L’Agenzia delle Entrate con un provvedimento del 30 gennaio 2015, approva il modello e le istruzioni per accedere alla procedura della voluntary disclosure – e stabilisce le caratteristiche per scrivere la relazione di accompagnamento e per predisporre i documenti richiesti dalla norma, nonché i modi con cui trasmettere tale relazione e documenti.

C’è tempo per inviare il modello della voluntary disclosure fino alla fine di settembre. Una volta presentata la richiesta ci sono trenta giorni di tempo per presentare la documentazione di supporto – e con questo passaggio si avvia il contraddittorio con gli uffici. Diversamente dagli scudi fiscali precedenti, tuttavia, la voluntary disclosure non prevede l’anonimato sui capitali rimpatriati, e non può essere presentata più di una volta. Chi può presentare il modello? Possono partecipare alla procedura i soggetti obbligati alla presentazione del modulo RW – relativo agli investimenti all’estero e/o trasferimenti da, per e sull’estero  -, ovvero le persone fisiche, gli enti non commerciali e le società semplici nonché i soggetti a essi equiparati, residenti in Italia.

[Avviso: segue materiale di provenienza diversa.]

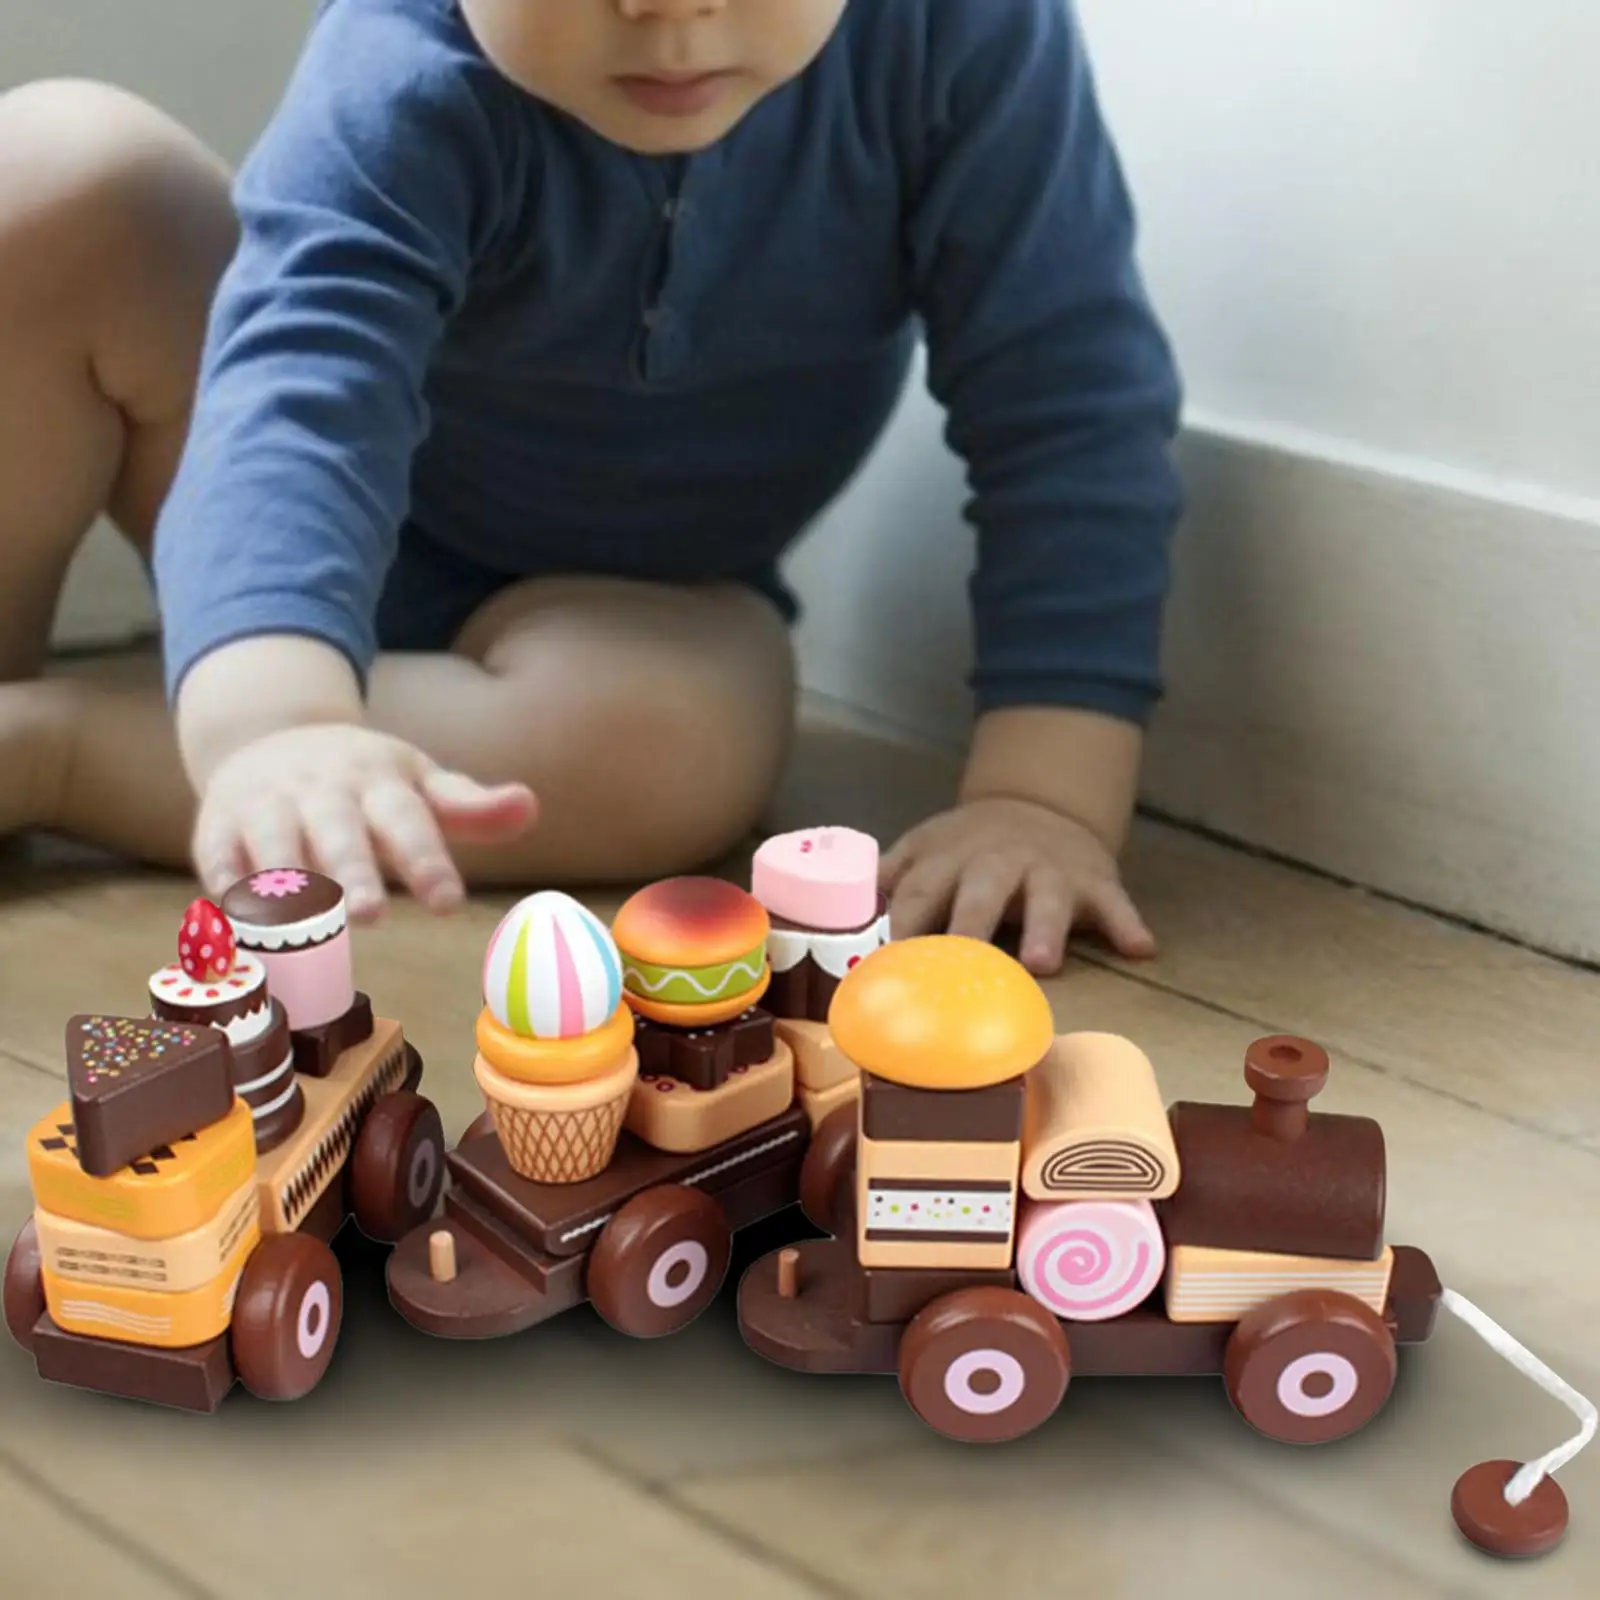 Montessori Train Cake Toys Pretend Play Developmental Food Accessories Early Educational for Preschool Toddlers Kids Gifts

Chi aderisce alla procedura della voluntary disclosure dovrà indicare tutti gli investimenti e le attività finanziarie che detiene all’estero, anche indirettamente o per interposta persona, e fornire all’Agenzia delle Entrate tute le informazioni necessarie a ricostruire i diversi passaggi, ovvero quali redditi sono serviti per costituire tali attività e come sono stati costituiti. Al Fisco tutte queste informazioni non bastano, vuole pure sapere quanto abbiamo guadagnato dalle attività all’estero e quanta parte di queste attività abbiamo dismesso nel tempo – magari per far rientrare queste risorse in nero in Italia.

Da considerare infine che questa procedura deve essere attivata per i periodi di imposta per i quali, alla data di presentazione del modello, non sono scaduti i termini per l’accertamento o la contestazione degli obblighi inerenti la presentazione del modulo RW. Quanti soldi l’Agenzia delle Entrate conta di recuperare attraverso questa via? Impossibile fare una stima, si può solo dire che probabilmente “le stime indicano un possibile rientro in Italia pari al 30% dei capitali detenuti all’estero, vale a dire tra i 30 e i 60 miliardi di euro” – sono le parole di Fabrizio Vedana, vice direttore generale di Unione Fiduciaria – “ma la percentuale potrebbe salire se la Svizzera dovesse chiudere un accordo sulla trasmissione di informazioni finanziarie con l’Italia”. E secondo Vedana “il rientro dei capitali è conveniente se i capitali si trovano in Svizzera da più di otto anni, quindi già prescritti. In questo caso il costo del rimpatrio si aggira tra il 12 e il 15%. Se invece si trovano all’estero da meno di otto anni, il costo può arrivare al 50%”.